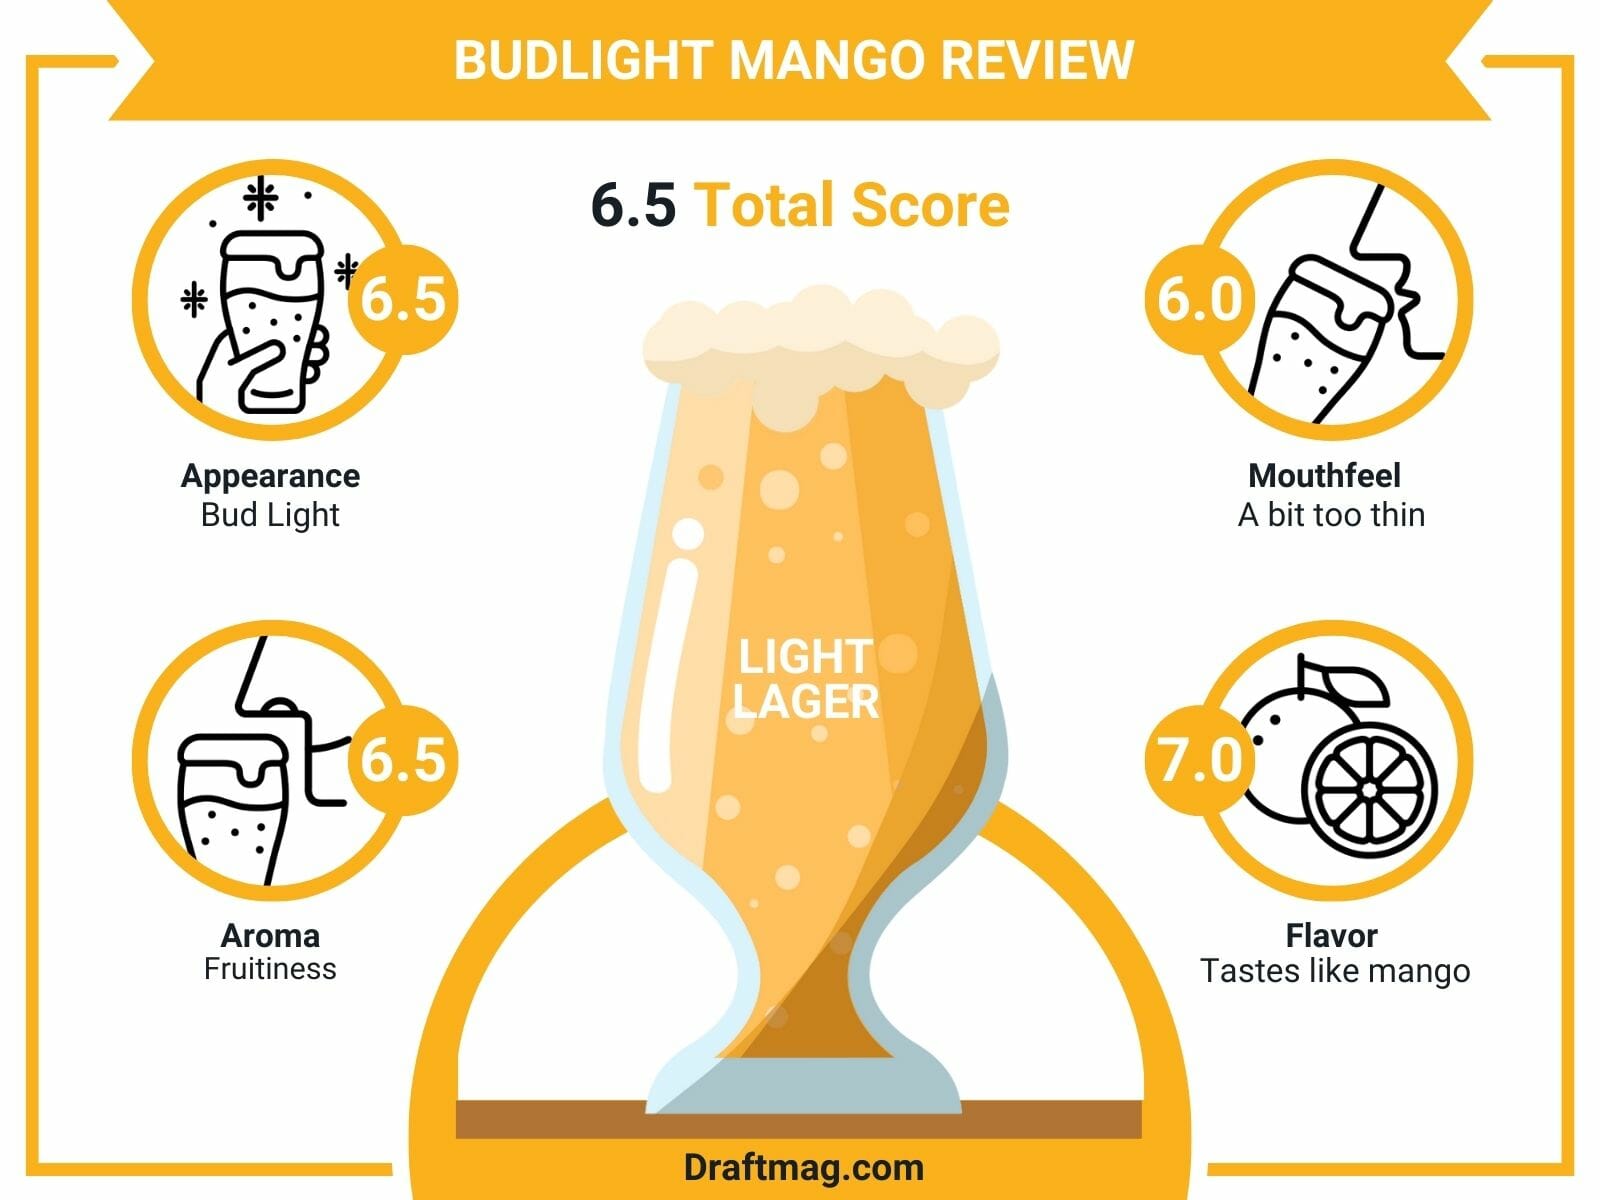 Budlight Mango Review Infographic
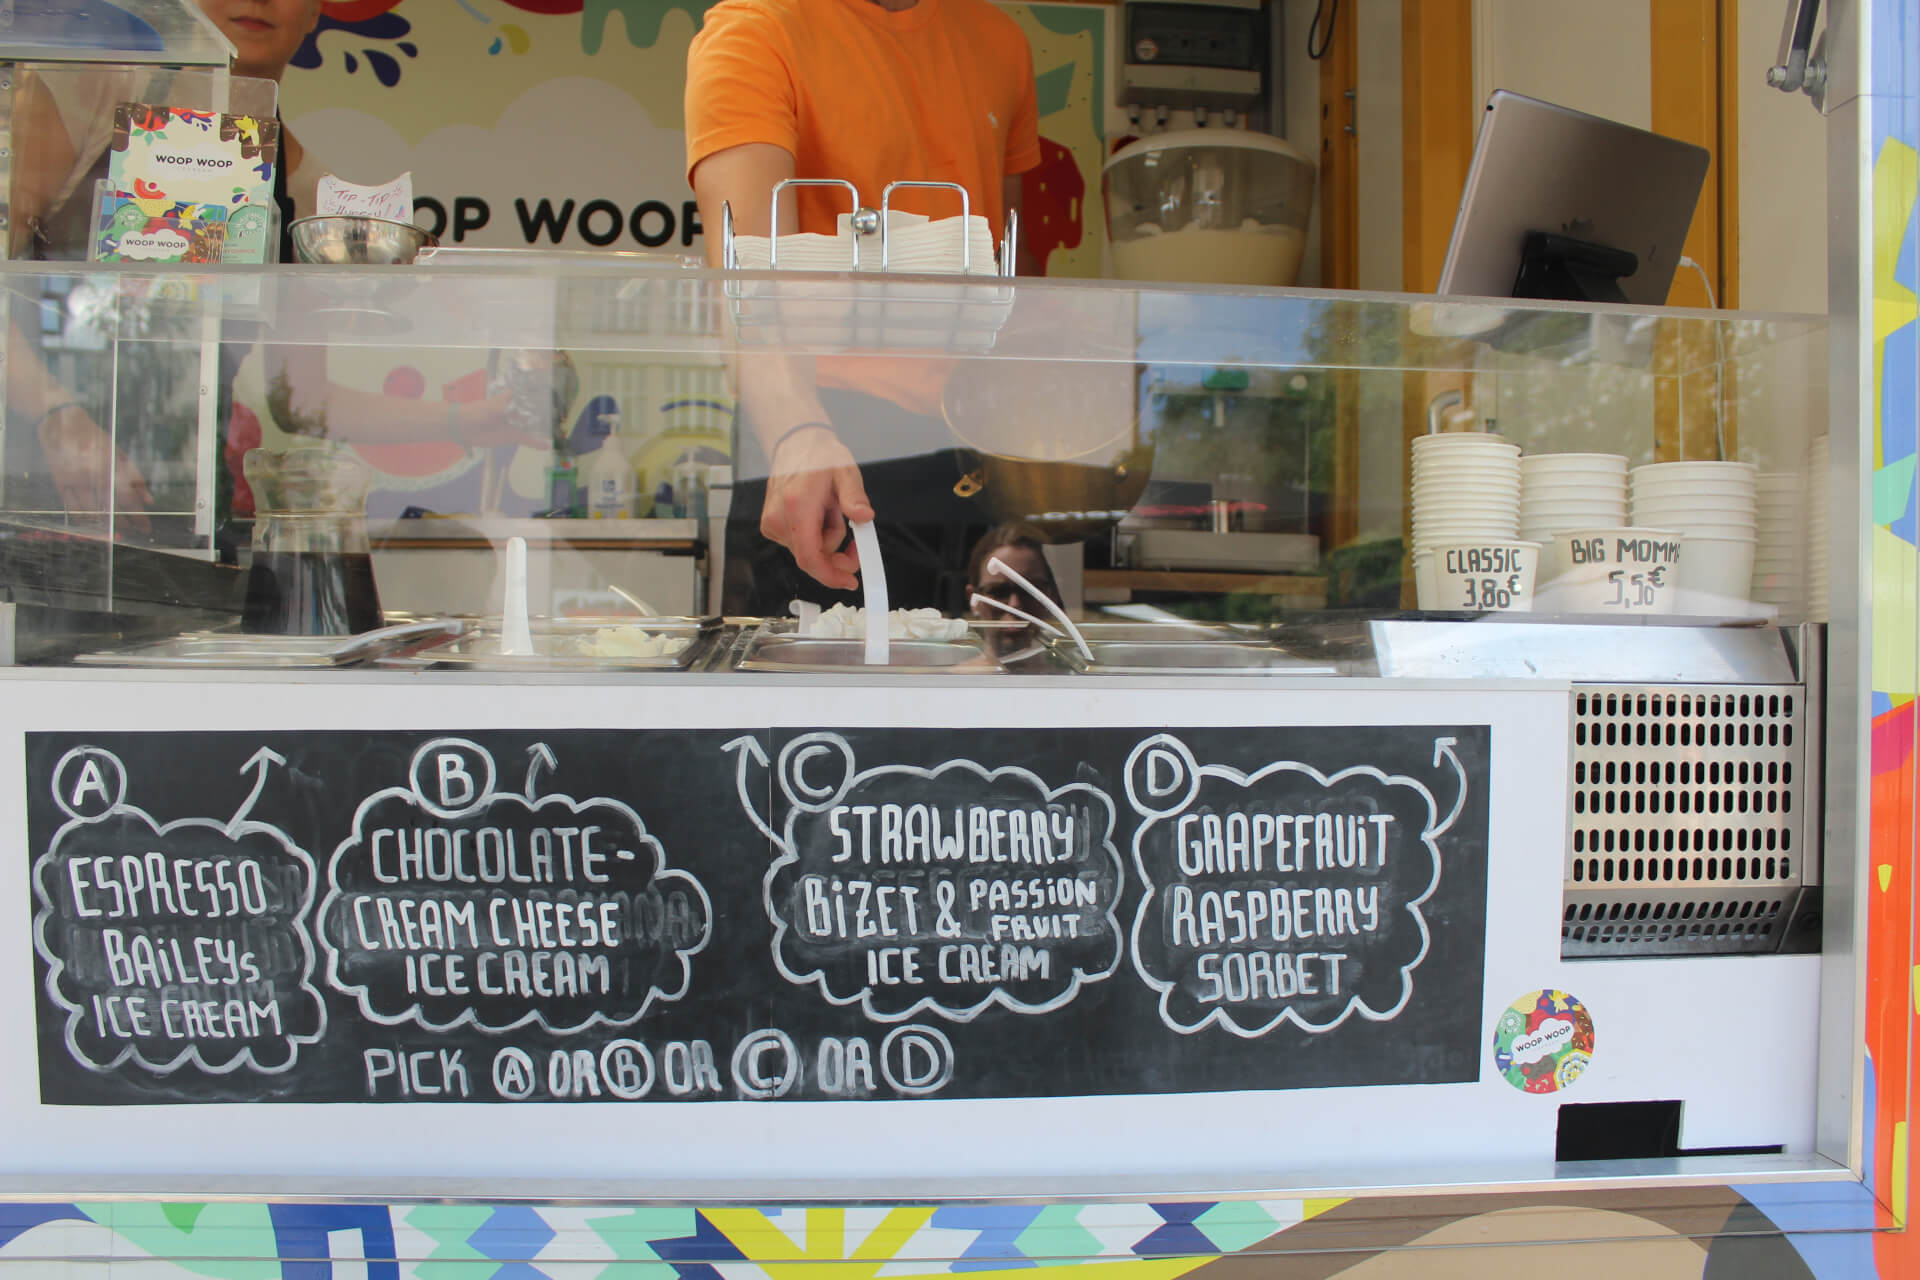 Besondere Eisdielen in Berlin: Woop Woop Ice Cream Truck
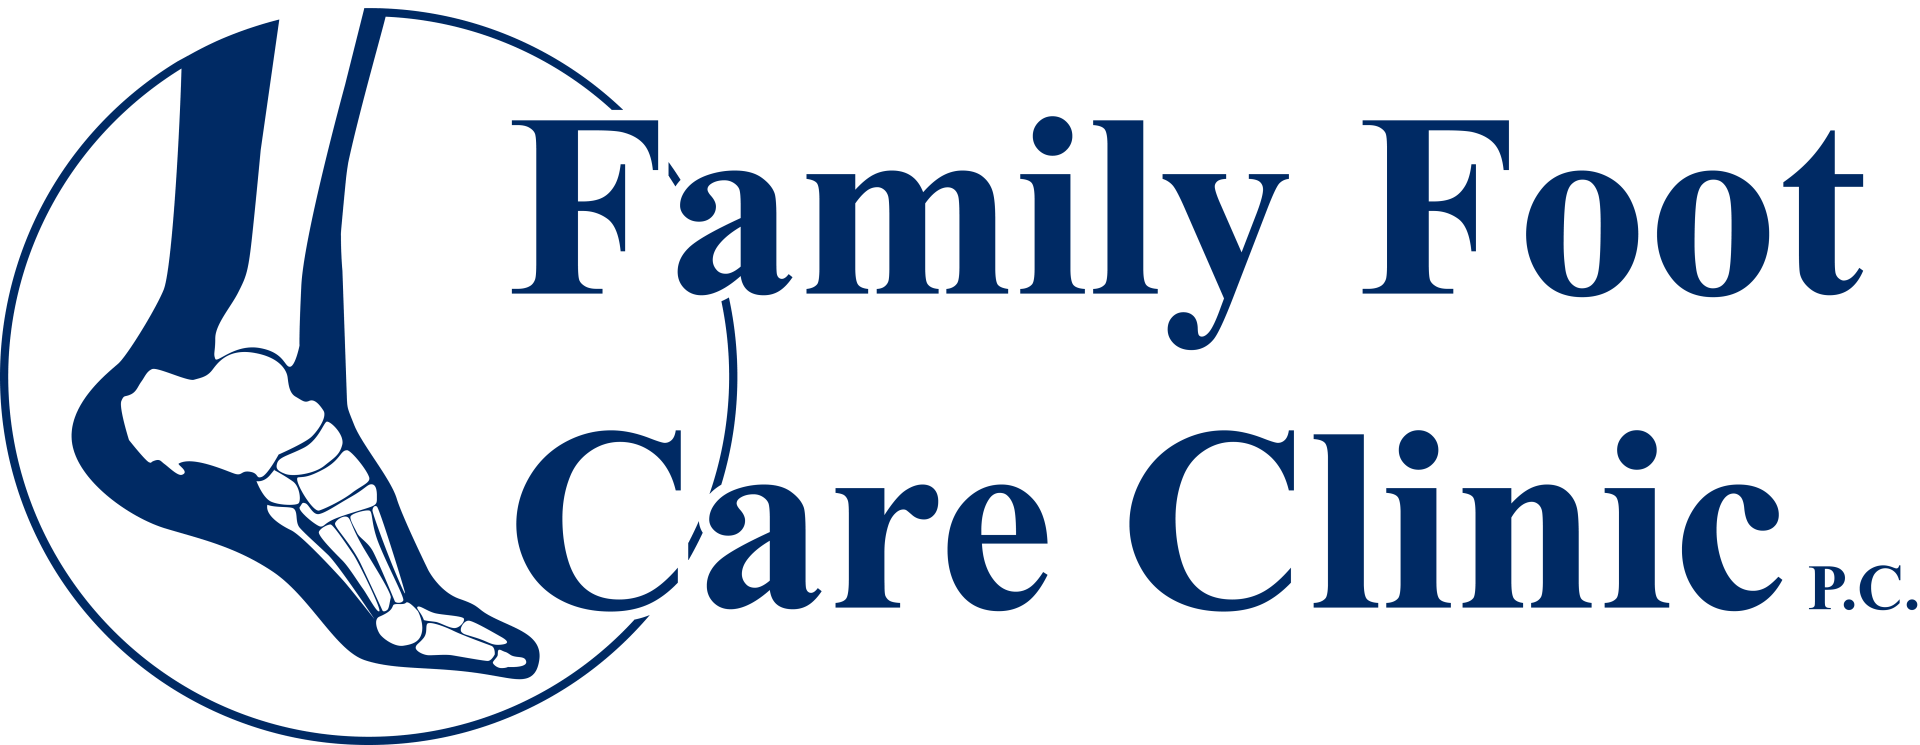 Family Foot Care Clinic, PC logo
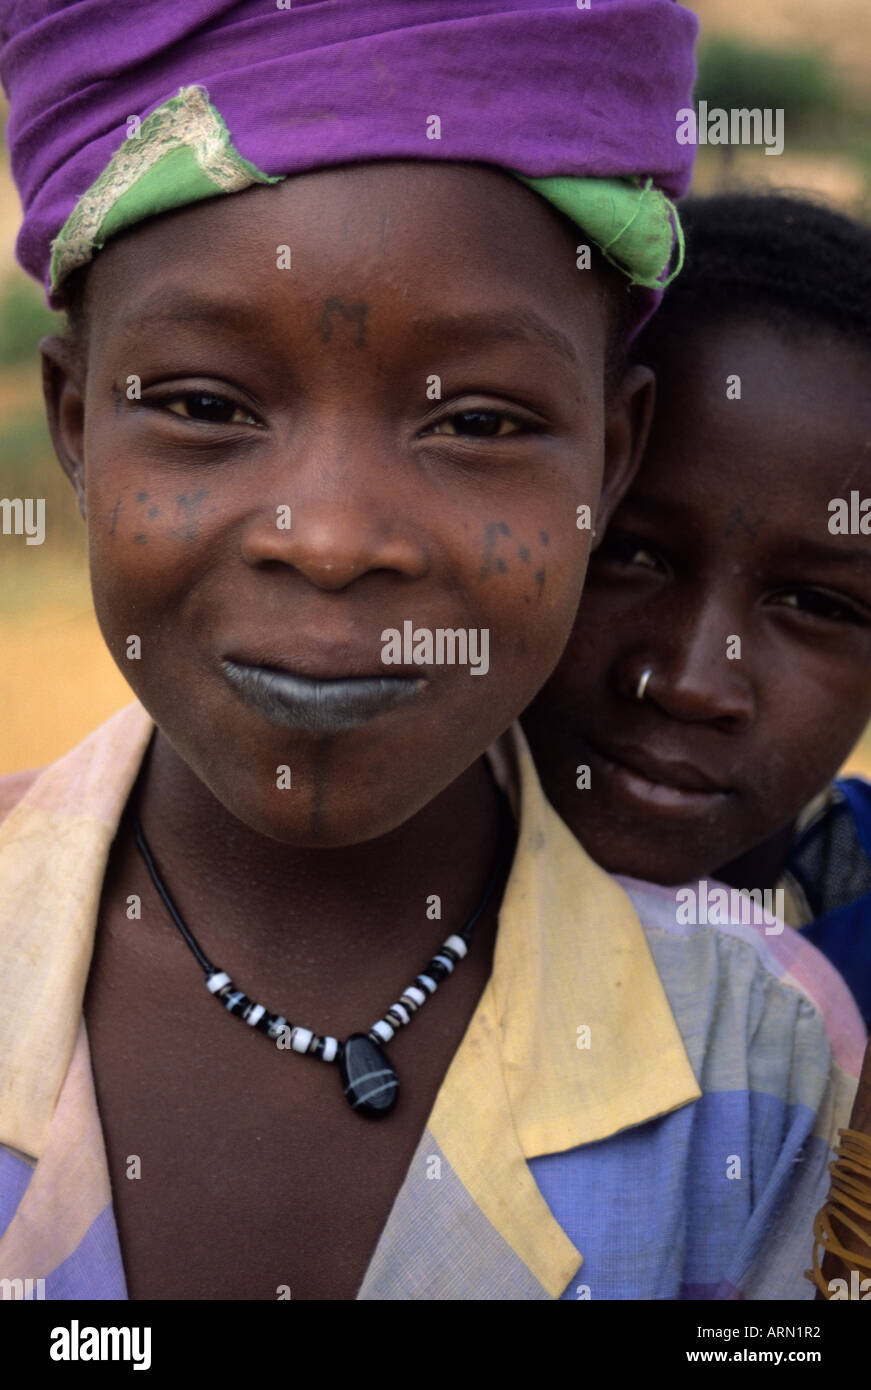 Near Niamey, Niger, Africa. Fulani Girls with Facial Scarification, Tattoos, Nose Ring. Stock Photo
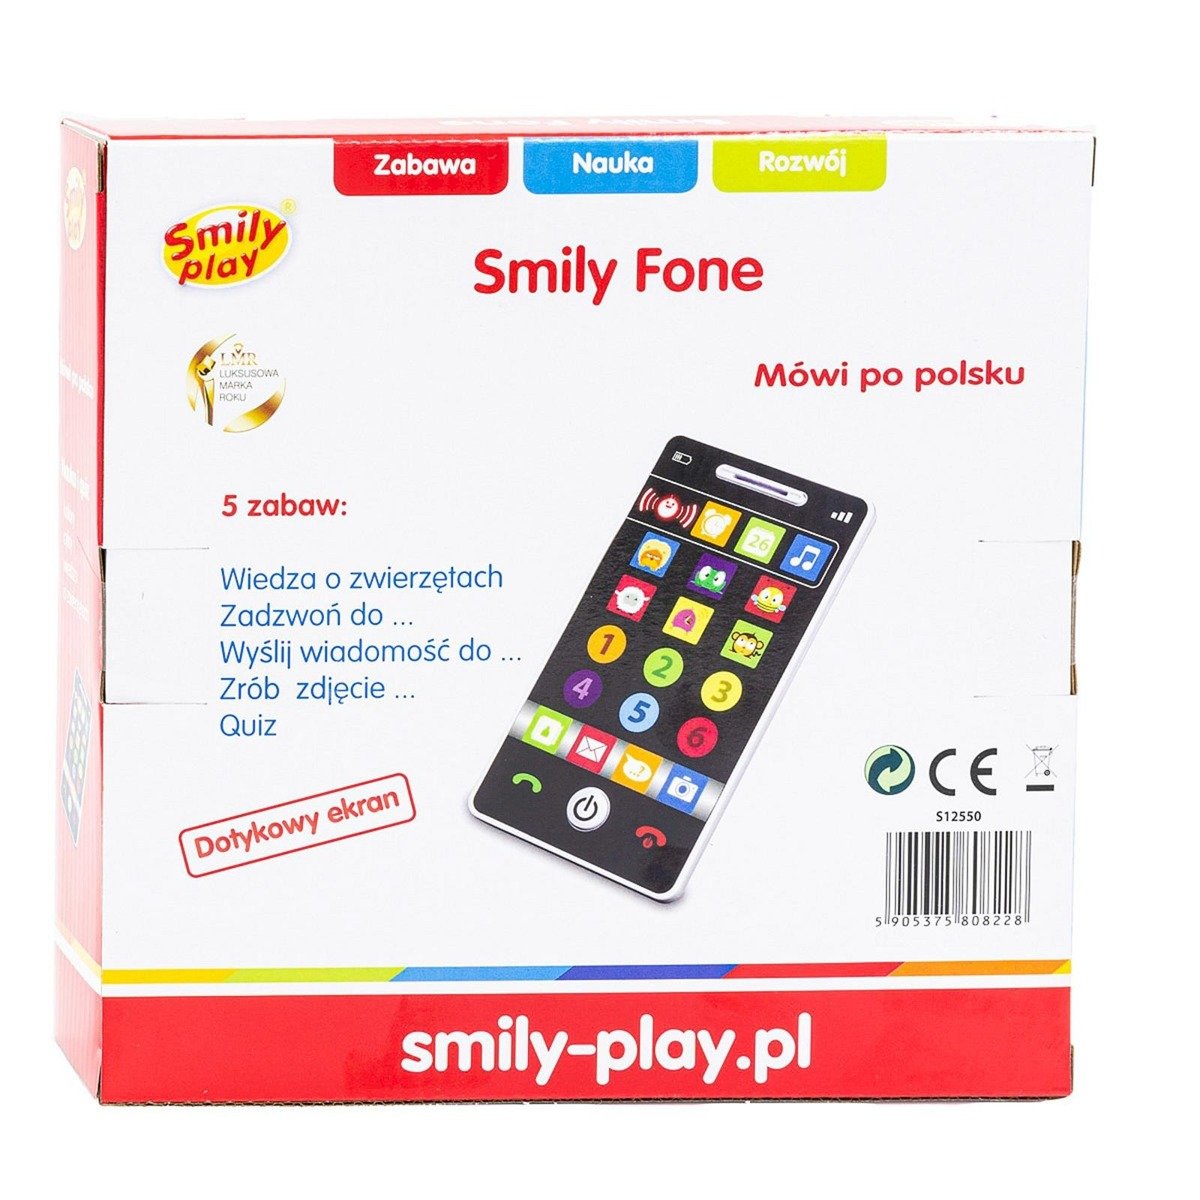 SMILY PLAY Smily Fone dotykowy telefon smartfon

____________

### ACTIVITY
Repeat the lines exactly, starting with the line that contains "Besondere Eisdielen in" and ending with the last line of the entries. Keep both of those lines but no pictures.

### SOLUTION FOR THIS PROBLEM
 Besondere Eisdielen in Berlin: Woop Woop Ice Cream Truck
 Family Foot Care Clinic, PC logo
 Near Niamey, Niger, Africa. Fulani Girls with Facial Scarification, Tattoos, Nose Ring. Stock Photo
 SMILY PLAY Smily Fone dotykowy telefon smartfon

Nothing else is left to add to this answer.